SELECT count() FROM t;          -- 300   ← BUG: not 0, not 500

On-disk forensics after the crash:

data/store/<uuid>/all_1_1_1/   ← empty replacement part (committed)
data/store/<uuid>/all_2_2_1/   ← empty replacement part (committed)
data/store/<uuid>/all_3_3_0/   ← original source part still active (100 rows)
data/store/<uuid>/all_4_4_0/   ← original source part still active (100 rows)
data/store/<uuid>/all_5_5_0/   ← original source part still active (100 rows)

Why it happens

TRUNCATE doesn't directly delete parts. Instead it creates N empty "covering" replacement parts (one per source part at a higher mutation level) and renames them into the store one at a time. The rename loop is at src/Storages/MergeTree/MergeTreeData.cpp:8430:

void MergeTreeData::Transaction::renameParts()
{
    for (const auto & part_need_rename : precommitted_parts_need_rename)
    {
        LOG_TEST(data.log, "Renaming part to {}", part_need_rename->name);
        part_need_rename->renameTo(part_need_rename->name, true);
    }
    precommitted_parts_need_rename.clear();
}

A plain for loop with one rename(2) per part. No batched-atomic primitive, no journal, no startup recovery to roll forward or back. A SIGKILL between iterations leaves K replacements renamed in and N-K source parts still active. The recovery path loads what it sees: the K committed empty replacements "win" over their corresponding source parts (higher level), but the remaining N-K source parts stay active and visible to queries.

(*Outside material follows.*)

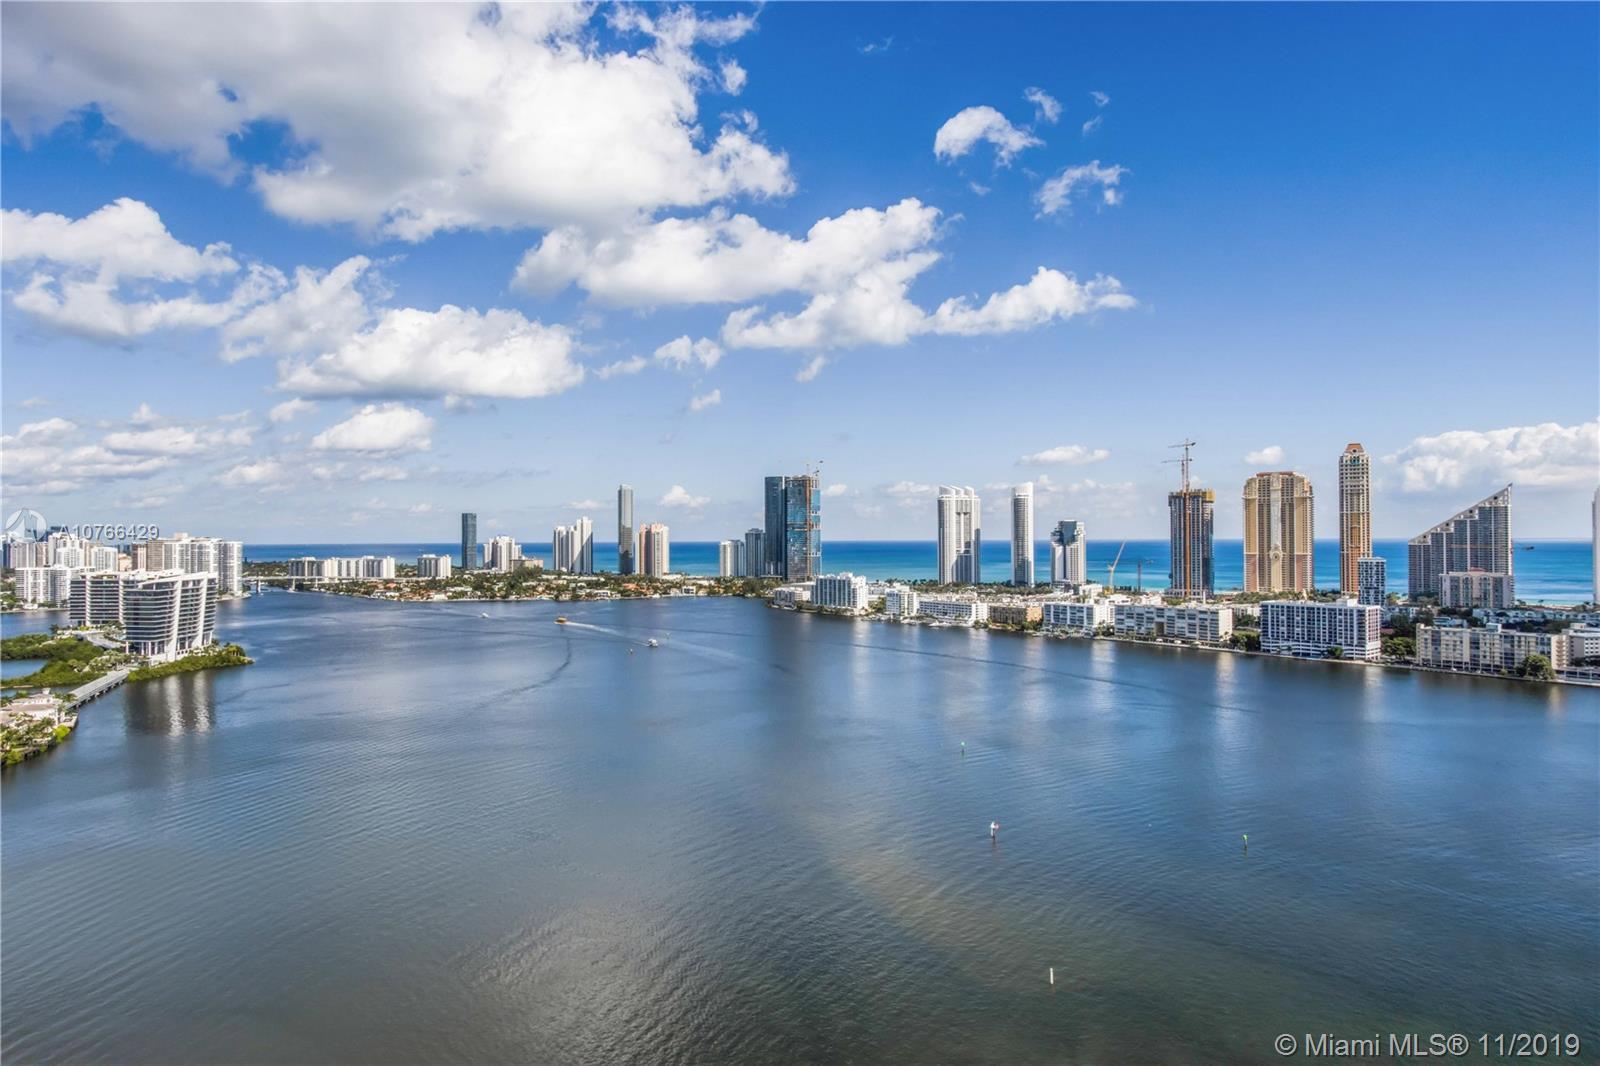 Аренда квартиры по адресу 2600 Island Blvd, Aventura, FL 33160 в США

Strace of a complete clean TRUNCATE confirms 5 individual renameat(2) calls for the empty replacements (plus 5 more for source→delete_tmp_ cleanup):

renameat(AT_FDCWD, ".../tmp_empty_all_1_1_1/", AT_FDCWD, ".../all_1_1_1/") = 0
renameat(AT_FDCWD, ".../tmp_empty_all_2_2_1/", AT_FDCWD, ".../all_2_2_1/") = 0
renameat(AT_FDCWD, ".../tmp_empty_all_3_3_1/", AT_FDCWD, ".../all_3_3_1/") = 0
renameat(AT_FDCWD, ".../tmp_empty_all_4_4_1/", AT_FDCWD, ".../all_4_4_1/") = 0
renameat(AT_FDCWD, ".../tmp_empty_all_5_5_1/", AT_FDCWD, ".../all_5_5_1/") = 0
renameat(AT_FDCWD, ".../all_1_1_0",  AT_FDCWD, ".../delete_tmp_all_1_1_0") = 0
... (4 more)

Killing the server between any two of these renames leaves partial state.

Reproduce

The kill window is narrow (the rename loop runs in milliseconds). A shell-level kill -9 with random ms-delays does not reliably hit it. Two ways to land the kill deterministically:

With gdb (simplest, no external code):

# Terminal 1: start server normally (without --daemon so gdb can attach).
clickhouse-server --config-file=<conf>

# Terminal 2: set up the data.
clickhouse-client -q "CREATE TABLE t (id UInt64, val UInt64) ENGINE = MergeTree ORDER BY id"
for i in 0 1 2 3 4; do
    clickhouse-client -q "INSERT INTO t SELECT number, number*7 FROM numbers($((i*100+1)), 100)"
done
clickhouse-client -q "SELECT count() FROM t"                    # 500

# Terminal 3: attach gdb and break inside the rename loop.
gdb -p $(pidof clickhouse-server) -batch -ex "
    set pagination off
    set print pretty on
    break MergeTreeData.cpp:8435
    commands
        silent
        if \$_hit_bkpt_num > 0
            shell echo 'rename iteration hit'
        end
        continue
    end
    continue
" &

# Terminal 2: trigger TRUNCATE — the breakpoint will fire once per rename.
clickhouse-client -q "TRUNCATE TABLE t" &

# Terminal 4: after the breakpoint has hit 1-2 times, SIGKILL the server.
sleep 0.3 && kill -9 $(pidof clickhouse-server)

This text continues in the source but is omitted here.